### Spotify Initial Data Collection ###

This code takes advantage of Spotipy, a package which allows one to use Spotify's API, to gather track-level data maintained by Spotify. It produces a dataset with information on each of the top 50 most popular songs on Spotify in America in 2017, as measured by Spotify and released to the public via an [ordered playlist](https://open.spotify.com/user/spotify/playlist/37i9dQZF1DX7Axsg3uaDZb?si=Yf6l20lBTWu9BzquG35UKg) at the end of the year.
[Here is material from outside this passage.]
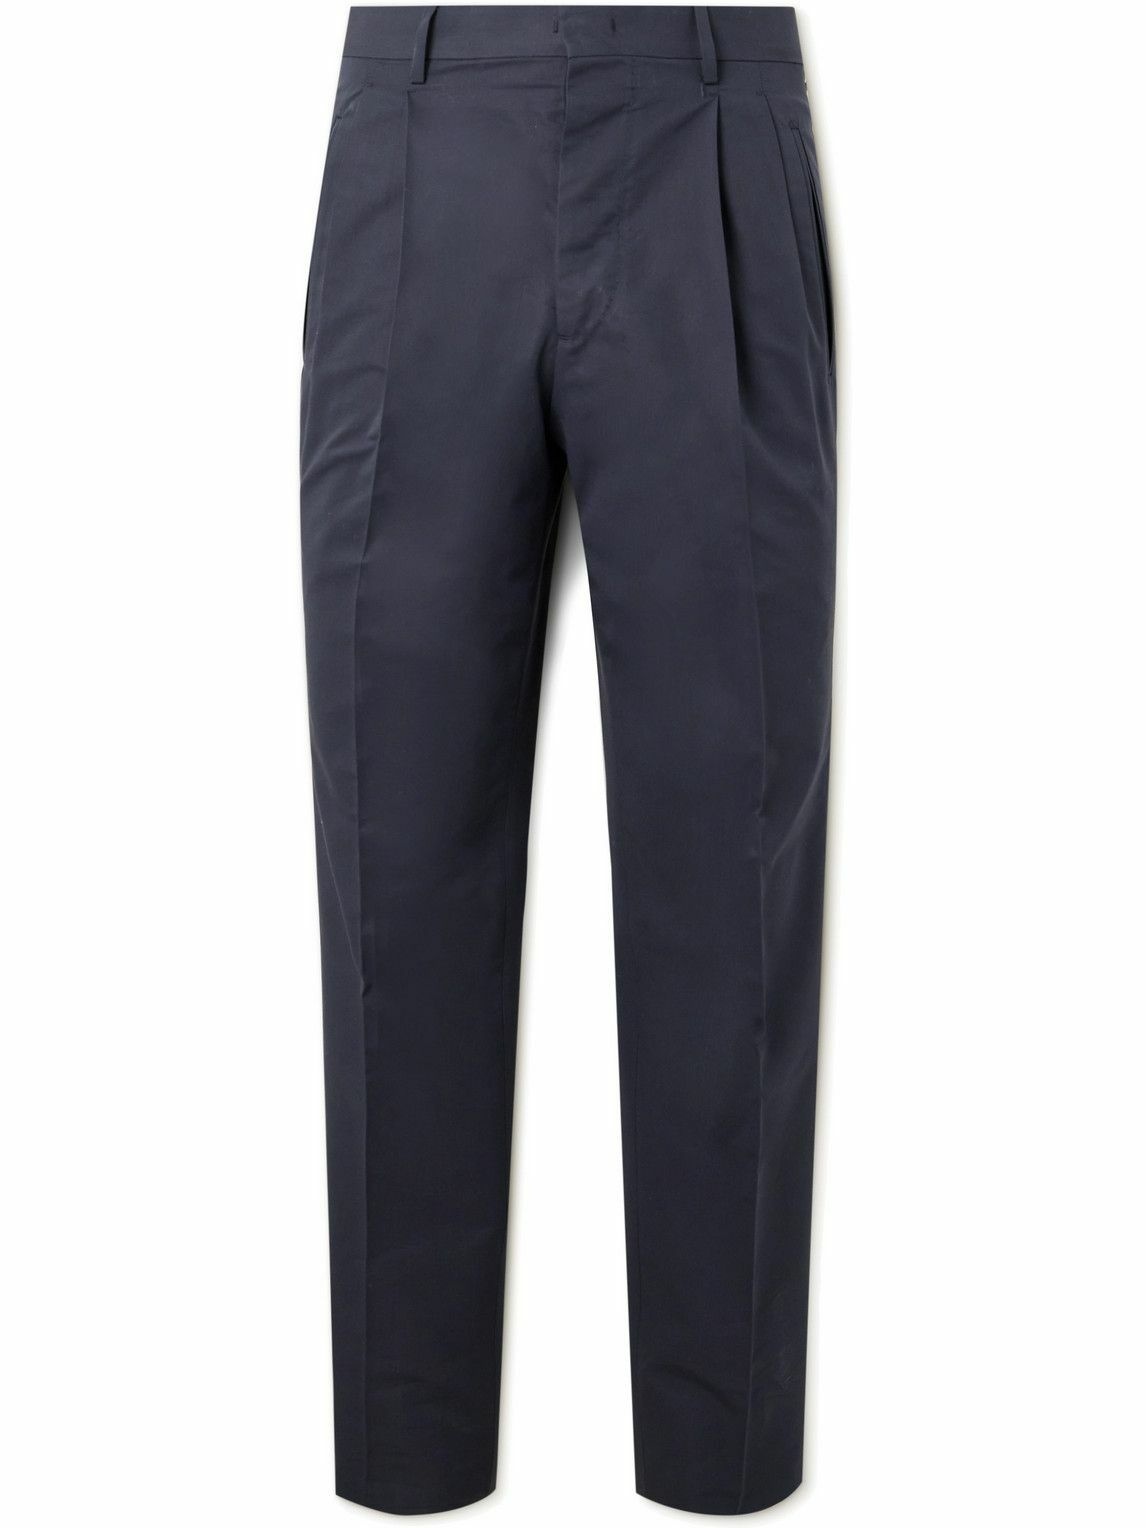 UMIT BENAN B - Slim-Fit Pleated Cotton and Silk-Blend Trousers - Blue

Source: Spotify Web API, [Top Tracks of 2017: USA](https://open.spotify.com/user/spotify/playlist/37i9dQZF1DX7Axsg3uaDZb?si=Yf6l20lBTWu9BzquG35UKg)

Downloaded: 11/22/2021

Srinidhi Ramakrishna

In [1]:
# Importing packages
import spotipy
import time
import pandas as pd
from spotipy.oauth2 import SpotifyClientCredentials

In [2]:
# Locating my unique client and secret ID as a developer
cid = '9809a4a6d80942d0a6e115fde747e50e'
secret = '10ff9acc3b4e4b4b984a1be5ffa16d2a'
client_credentials_manager = SpotifyClientCredentials(client_id=cid, client_secret=secret)
sp = spotipy.Spotify(client_credentials_manager = client_credentials_manager)

In [3]:
# Collecting track IDs based on the playlist URL
def getTrackIDs(user, playlist_id):
    ids = []
    playlist = sp.user_playlist(user, playlist_id)
    for item in playlist['tracks']['items']:
        track = item['track']
        ids.append(track['id'])
    return ids

ids = getTrackIDs('spotify', '37i9dQZF1DX7Axsg3uaDZb')

In [4]:
# Collecting track features for each song
def getTrackFeatures(id):
  meta = sp.track(id)
  features = sp.audio_features(id)

  # meta
  name = meta['name']
  album = meta['album']['name']
  artist = meta['album']['artists'][0]['name']
  release_date = meta['album']['release_date']
  duration_ms = meta['duration_ms']
  popularity = meta['popularity']
  explicit = meta['explicit']
    
  # features
  acousticness = features[0]['acousticness']
  danceability = features[0]['danceability']
  energy = features[0]['energy']
  instrumentalness = features[0]['instrumentalness']
  liveness = features[0]['liveness']
  loudness = features[0]['loudness']
  speechiness = features[0]['speechiness']
  tempo = features[0]['tempo']
  time_signature = features[0]['time_signature']
  positiveness = features[0]['valence']


  track = [name, album, artist, release_date, duration_ms, popularity, danceability, acousticness, danceability, energy, instrumentalness, liveness, loudness, speechiness, tempo, time_signature, positiveness, explicit]
  return track

In [5]:
# Looping over track ids to append track-level metrics in a new row 
tracks = []
for i in range(len(ids)):
  time.sleep(.5)
  track = getTrackFeatures(ids[i])
  tracks.append(track)

In [6]:
# Creating dataset
df = pd.DataFrame(tracks, columns = ['name', 'album', 'artist', 'release_date', 'duration_ms', 'popularity', 'danceability', 'acousticness', 'danceability', 'energy', 'instrumentalness', 'liveness', 'loudness', 'speechiness', 'tempo', 'time_signature', 'positiveness', 'explicit'])
df.to_csv("../data/spotify2017raw.csv", sep = ',')